• [DATASET CONTENT]
- - -
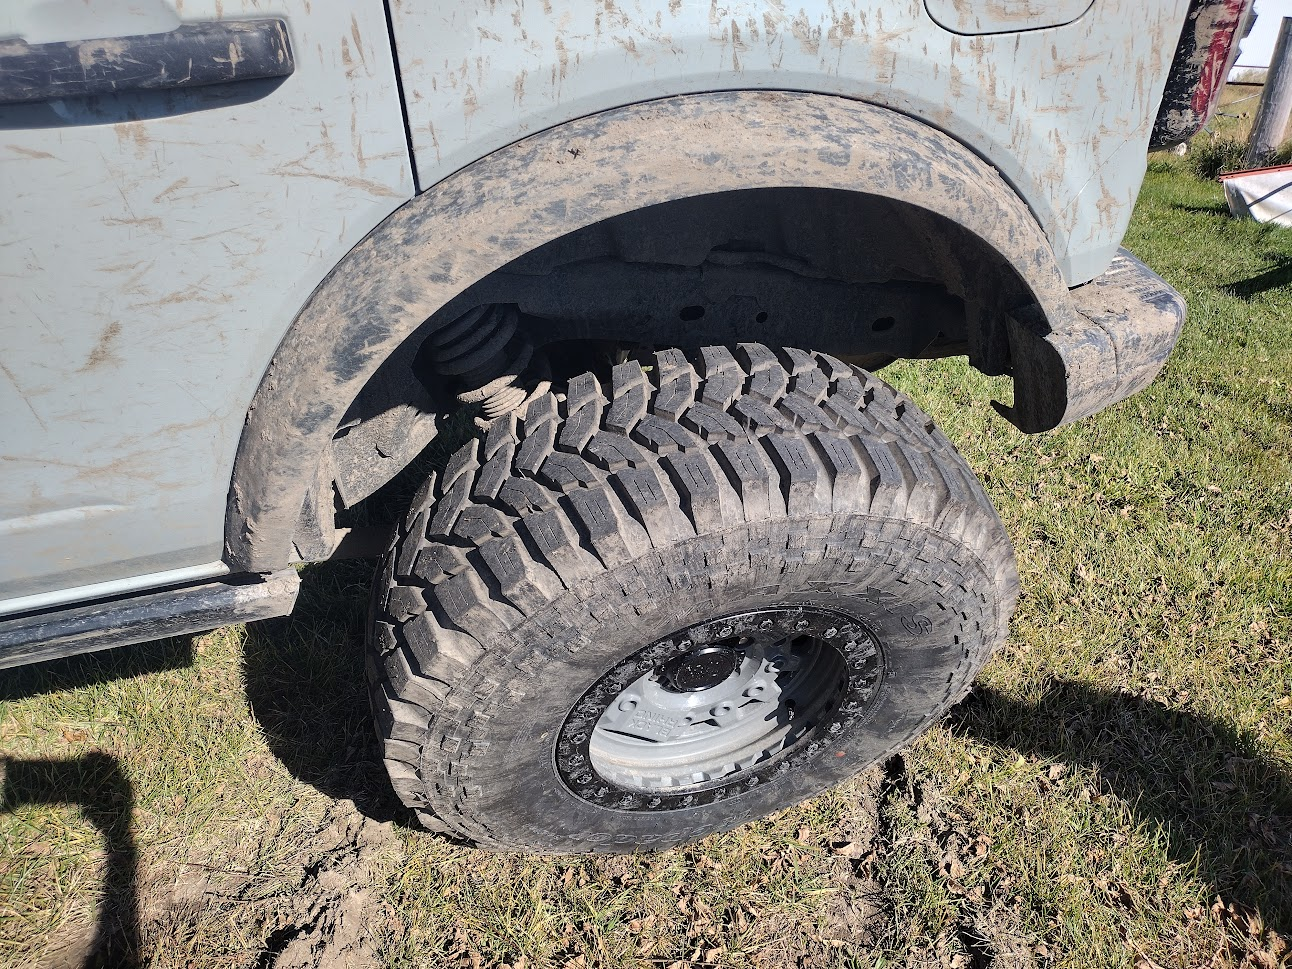 Ford Bronco 37" Tires on a Non-Sasquatch Badlands - My Experience, Results, Pics 20221024_170210
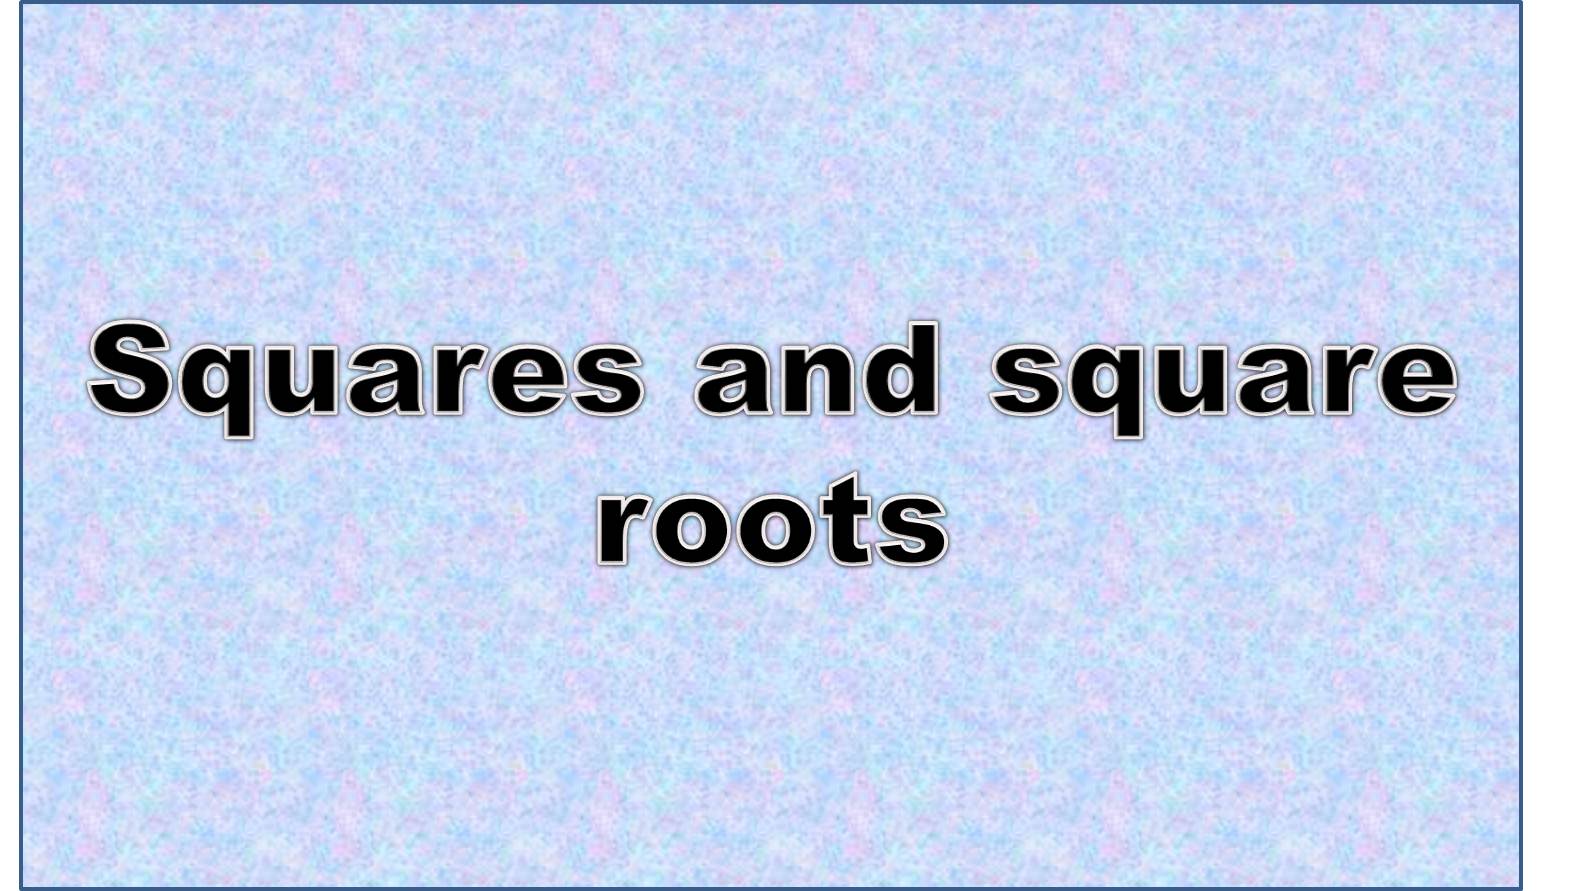 http://study.aisectonline.com/images/Intro to square roots.jpg
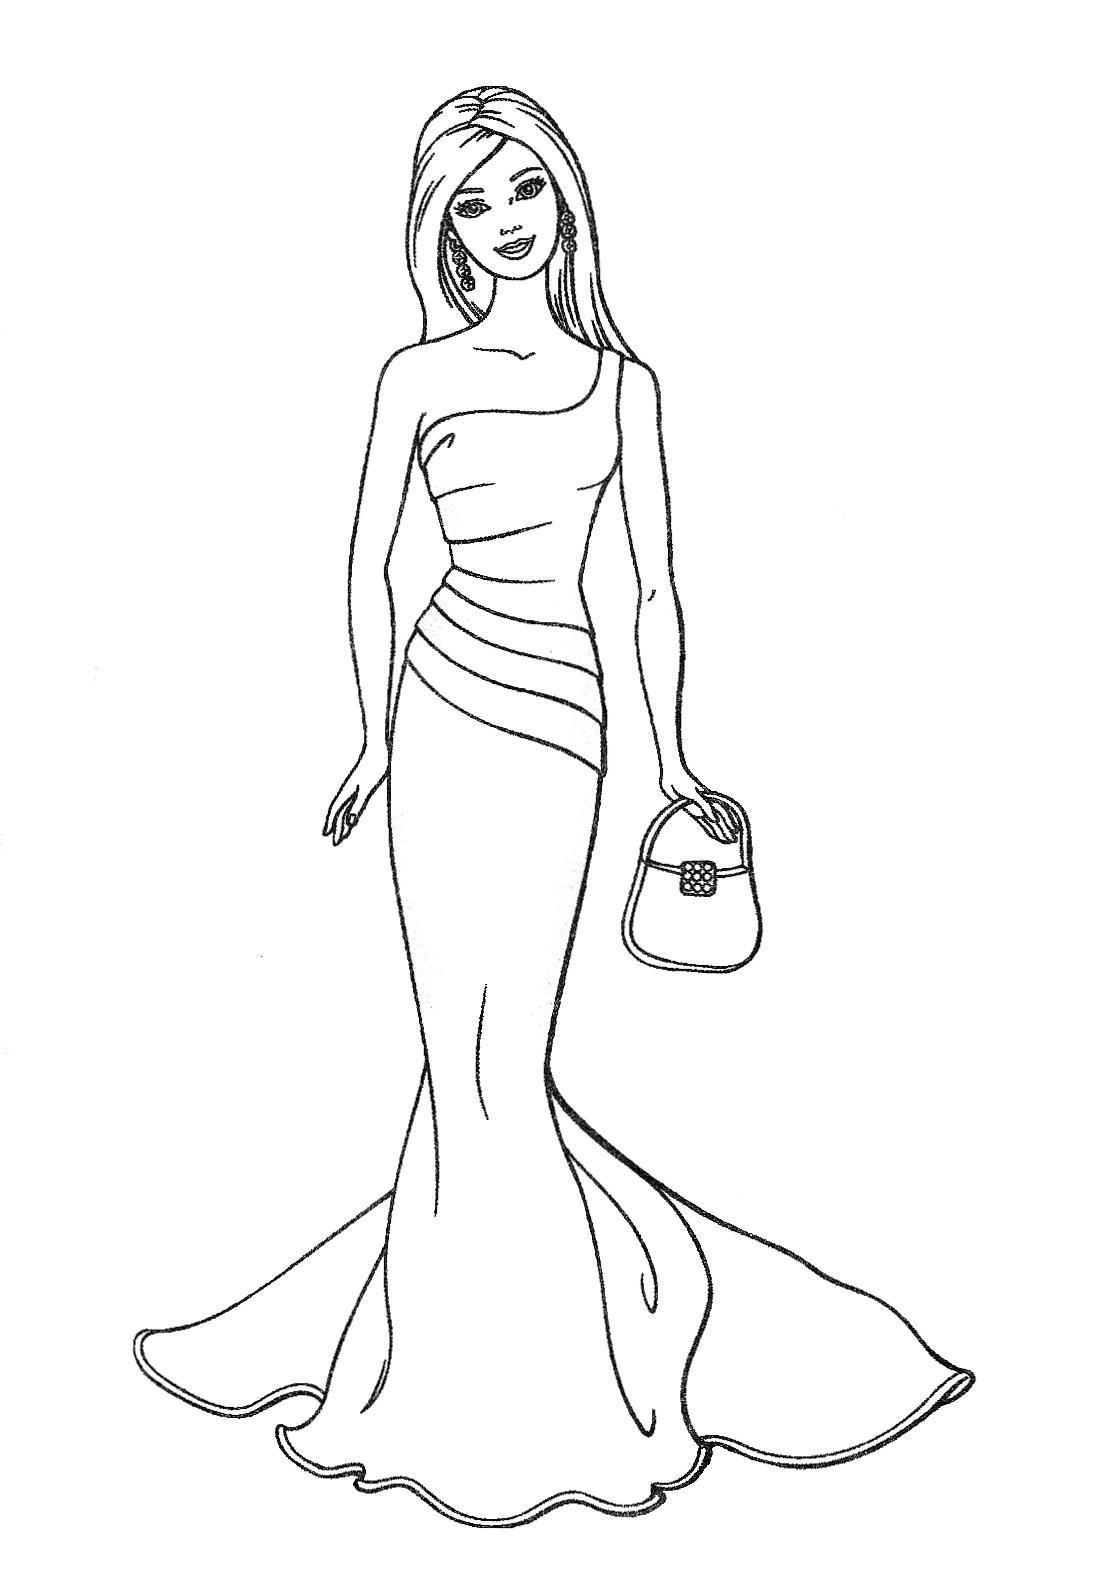 Barbie Pretty Dress Coloring Pages Free Printable Coloring Pages For Kids ~ Colouring ...1103 x 1589
- - -
• [TASK PROMPT]
Only an exact copy of the lines from the one with "http://study.aisectonline.com/images/Intro to square" through the last line of the data above is wanted, and no pictures.

• [WRITTEN RESPONSE]
 http://study.aisectonline.com/images/Intro to square roots.jpg
 Barbie Pretty Dress Coloring Pages Free Printable Coloring Pages For Kids ~ Colouring ...1103 x 1589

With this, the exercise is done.